# Crypt cordata Flower



## FarCanal (Mar 12, 2008)

Must be well over a year since I last posted any updates on here. Been neglecting my tanks a fair bit lately, glad I looked into this one today. A happy little surprise was waiting for me. Crypt cordata Rosenervis (Rosanervig?) in flower

  

The plants physical size has reduced alot since I originally planted it. Really happy it's flowered. Hopefully it might start a chain reaction with some of the others, especially the ones that should be easy to flower.

I'm not positive on the ID of the plant, just guessing from where I pulled the runner and the original plant I bought. I think it's Rosenervis (Rosanervig?). I'll do some homework before I try and cut it up and take some photo's of the kettle


----------



## ddavila06 (Jan 31, 2009)

whatever the species might be, it looks really nice! congrats


----------



## supasi (Jul 20, 2009)

Very pretty flower.
I wish I we could get varieties like that in NZ. 

Nice work


----------



## FarCanal (Mar 12, 2008)

supasi said:


> Very pretty flower.
> I wish I we could get varieties like that in NZ.
> 
> Nice work


Mate, you might be surprised, I'm just across the ditch here in Australia. I'll send you a PM about a company here in Aus. that specializes in Australian Native plants and fish. I know he has sent things to Europe before and might be able to give you an idea on what the costs maybe. He has a few crypts from time to time and is where I purchased the plant pictured above.


----------



## FarCanal (Mar 12, 2008)

Damn it! Flower is melting. I kept putting off disecting the flower, "I'll do it tomorrow" ..... Whole plant picture just taken


----------



## FarCanal (Mar 12, 2008)

I've got another Cordata flower, the variety of which I'm not 100% sure on. This plant was sent to me as part of a trade of plants and nothing was labelled. I'm thinking it may be C. Cordata Blassii, can anyone confirm?

I've taken heaps of photo's of it as it progressed, it took almost 2 weeks for it to open and I dissected it on the first day it opened. I didn't want a repeat of the previous flower.

I noticed it on the 5th Sept. 09


On the 9th Sept. 09 I noticed the kettle starting to form


Getting tired of waiting for it to open and thinking that it might not on the 17th Sept. 09


The following day the spathe opened up. The 18th Sept. 09
         

Can anyone confirm or suggest which cordata this maybe?


----------



## Ghazanfar Ghori (Jan 27, 2004)

Yep - thats C. cordata var cordata
congrats!


----------



## FarCanal (Mar 12, 2008)

Thanks for that Ghazanfar Ghori. I've been using the Crypt pages as my reference material for trying to ID crypts. The closest match I can find on that web site is this pic;
http://www.xs4all.nl/~crypts/Cryptocoryne/Gallery/cor/cor_x_B17_97.jpg

That pic he lists as "The 'classical' C. cordata var. cordata ("blassii")". If I am to pass this plant onto others here in Australia should I be telling them that it's C. cordata var. cordata or should I be adding the ("blassii") to the end? It's all very confusing.
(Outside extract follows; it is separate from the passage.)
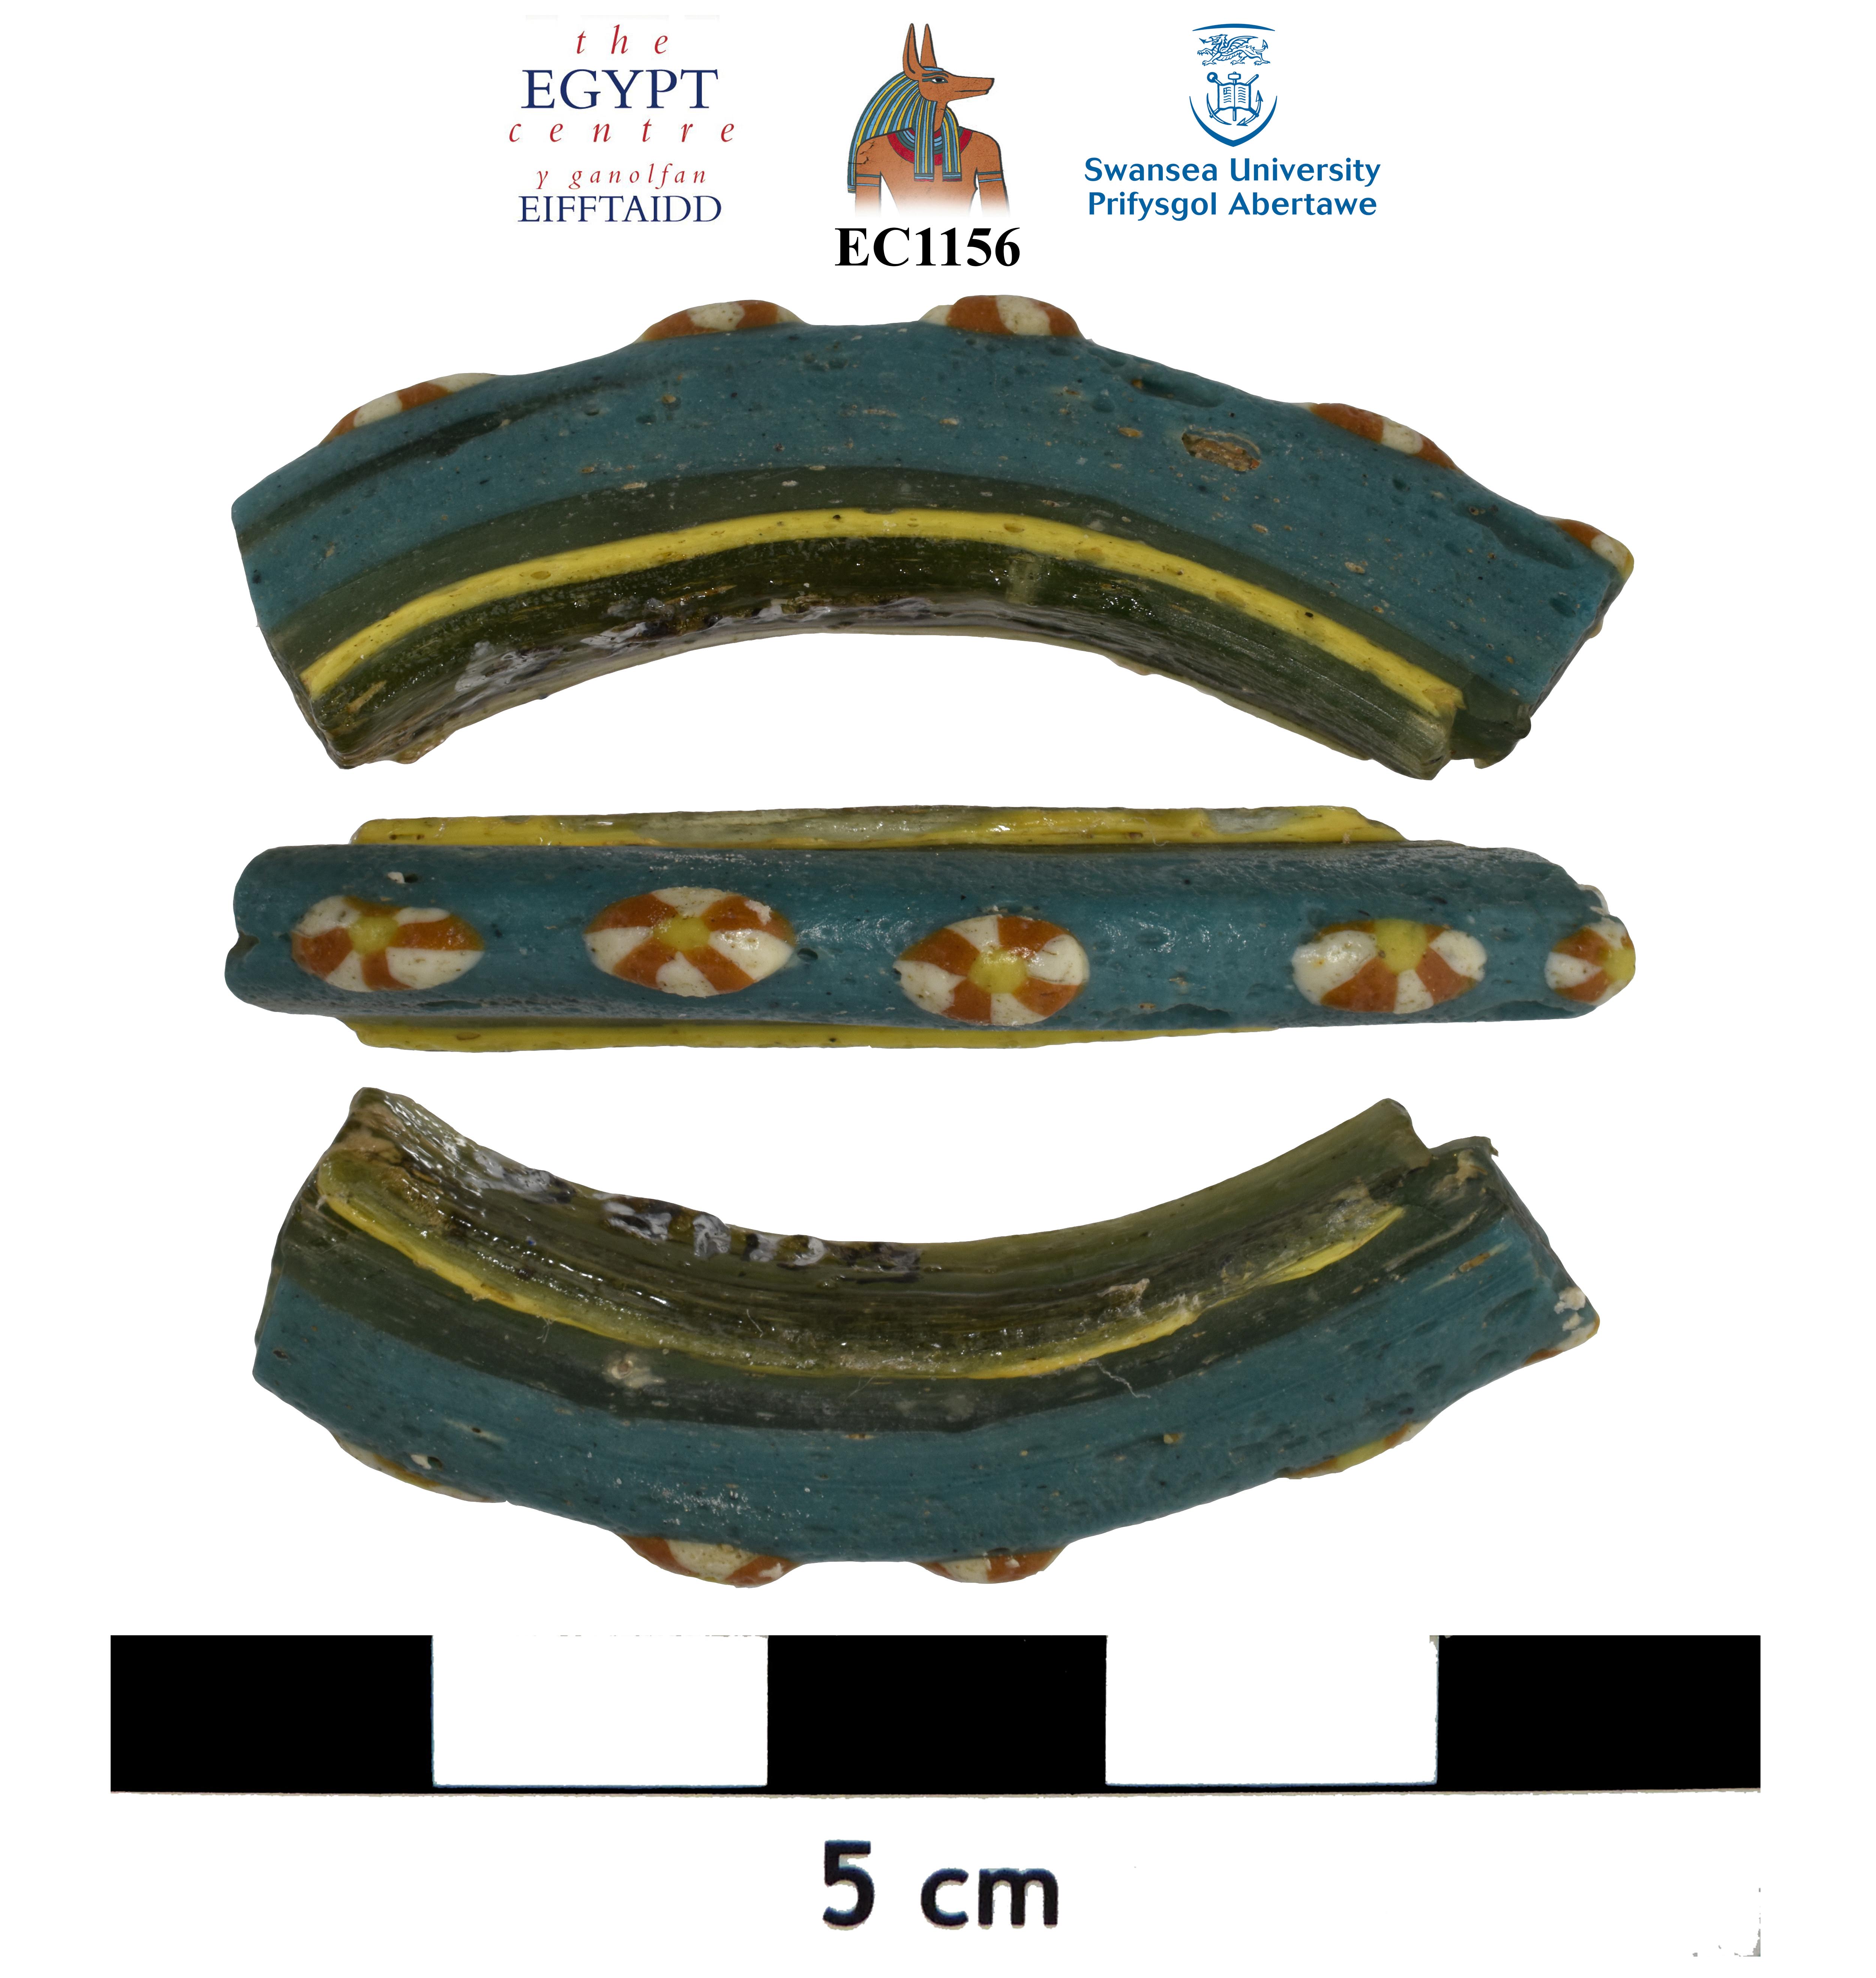 Image for: Fragment of a glass bangle

Also, the background of your ID picture has a strong resemblance to a famous Australian Land mark "Ayers Rock". http://www.crystalinks.com/ayersrock.html Is that just coincidence?


----------



## Ghazanfar Ghori (Jan 27, 2004)

FarCanal said:


> That pic he lists as "The 'classical' C. cordata var. cordata ("blassii")". If I am to pass this plant onto others here in Australia should I be telling them that it's C. cordata var. cordata or should I be adding the ("blassii") to the end? It's all very confusing.
> 
> Also, the background of your ID picture has a strong resemblance to a famous Australian Land mark "Ayers Rock". http://www.crystalinks.com/ayersrock.html Is that just coincidence?


Hey - I never really paid attention to that background picture. I guess it does resemble Ayers Rock....
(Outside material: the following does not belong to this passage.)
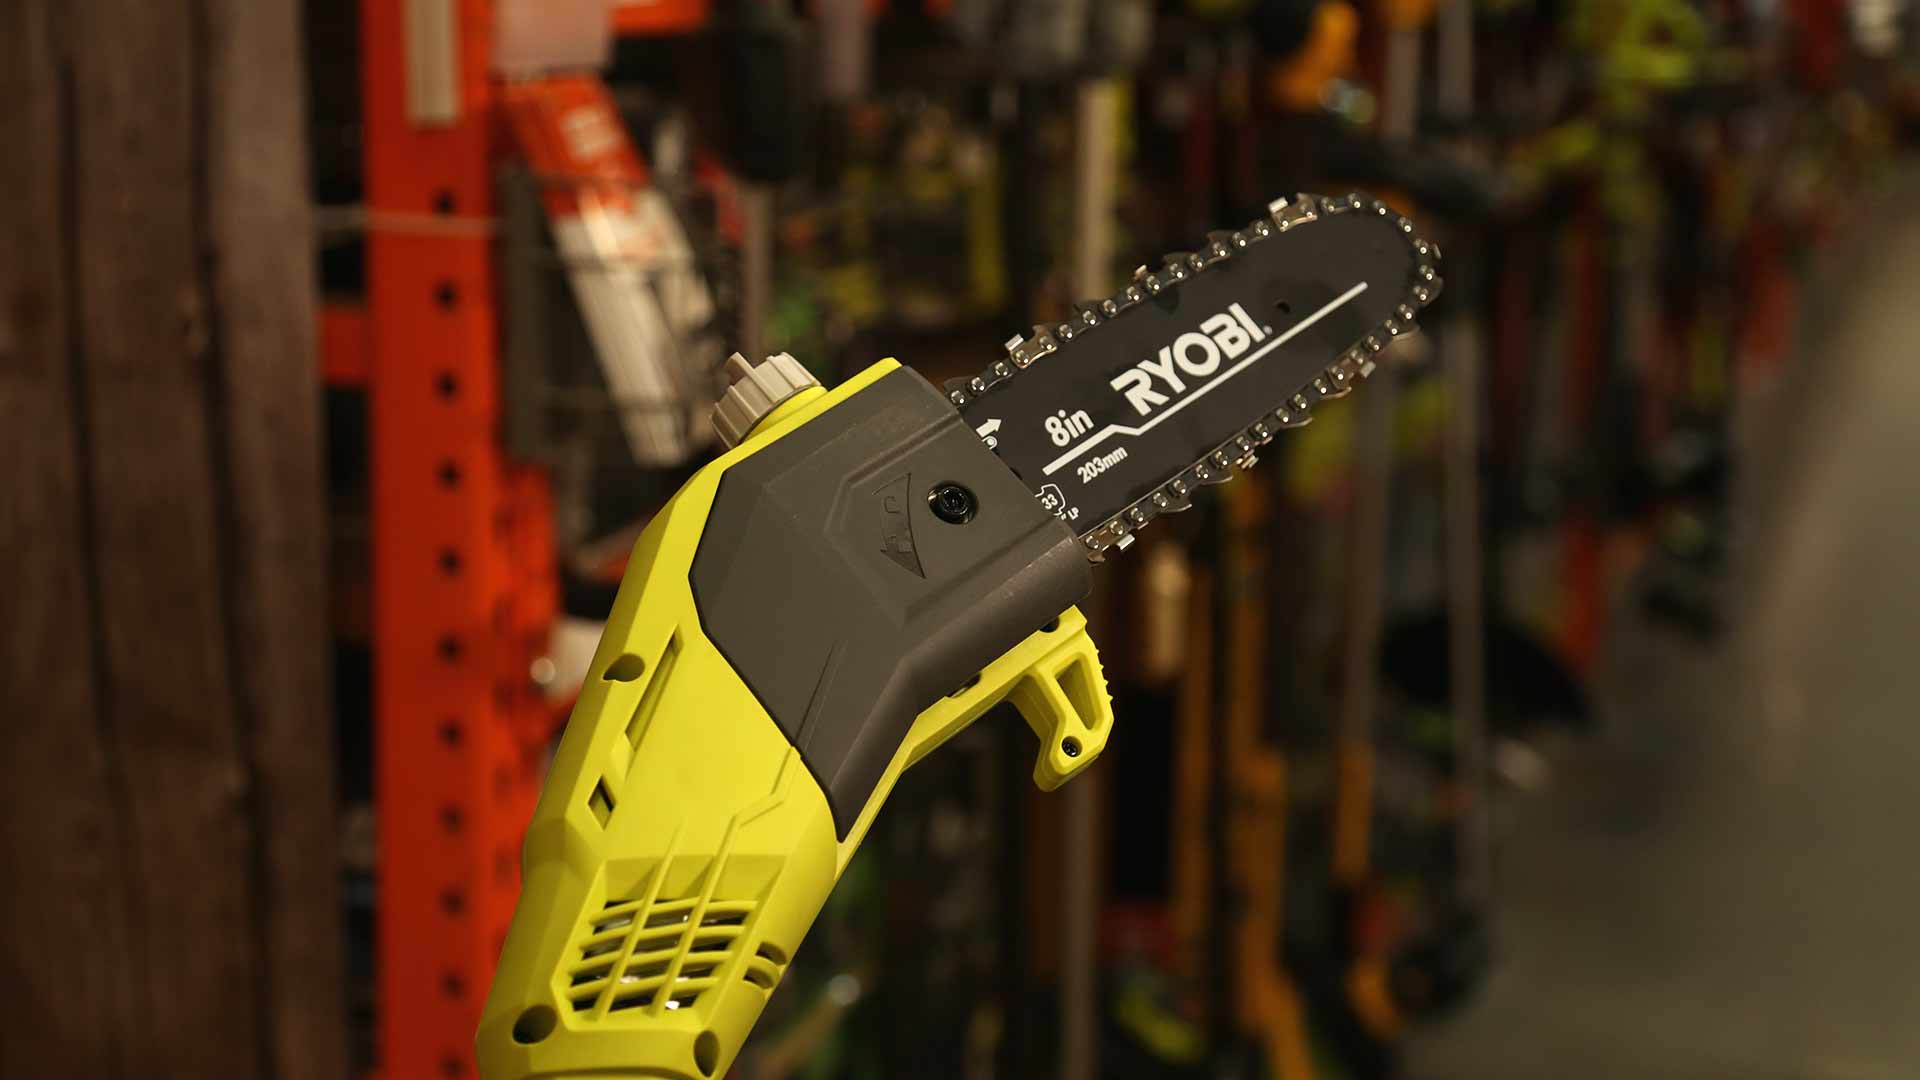 Ryobi pole saw, as as seen at The Home Depot in Mobile, Alabama

You can pass that plant to others as cordata var. cordata or blassii (the old name).


----------



## FarCanal (Mar 12, 2008)

It looks like this C. Cordata (Blassii) is about to flower again, almost 2 months to the day after it's first flower started.


----------



## Khamul1of9 (Oct 25, 2005)

What are you feeding it! LOL good job.


----------



## FarCanal (Mar 12, 2008)

1 day short of 2 months and the Blassii has flowered again. It opened last night;




Khamul1of9 said:


> What are you feeding it! LOL good job.


Probably all things that are only available in Australia. It is frustrating when I read about the plants and ferts you guys use as I can never find it over here. Grrr!

Anyway, for a root fertiliser I use a pellet that is made here in Australia by "Aquagreen" called "Dino-Dung". The recipe for it is Potter's clay, Blood & Bone & Native Ozmocote pellets. I add these every few months or when I think a plant needs it. For the water column I use another product from Aquagreen called "Dino-pee", it's a cheaper alternative to Seachem Flourish over here. Aquagreen's catalogue can be found here; http://www.aquagreen.com.au/catalog.html but it probably only useful to us Aussie's. And finally for a leaf fert I've been using 1mL of "Miracle-Gro seafeed 3 in 1" to a 500mL bottle and misting the plants every 2nd day or so.


----------



## FarCanal (Mar 12, 2008)

This one opened yesterday. The 3rd flower for this one, almost 2 months to the day between flowering each time. The second flower was early by a day and this one 4 days early. The rest of my crypts have pretty much stopped flowering, the season might be over for me.


----------



## ferchu22 (Oct 27, 2007)

Very nice, and there's a very red leaf. What kind of light are you using?
Regards


----------



## FarCanal (Mar 12, 2008)

I use a T8 bulb for 12 hours (8am - 8pm) and another T8 bulb for 3 hours (1pm - 4pm). Both bulbs are 36w 6800k Sylvania Grolux 4' bulbs as the tank is a 4' standard. The room is reasonably well lit getting direct sunlight light in the mornings but no direct on the tank itself. The room is painted white with light colored carpet.


----------



## FarCanal (Mar 12, 2008)

Just another Blassii flower, opened this morning. This is the first flower for one of the runners in the pot. I think all the previous flowers I've had for this one were from the original plant.


----------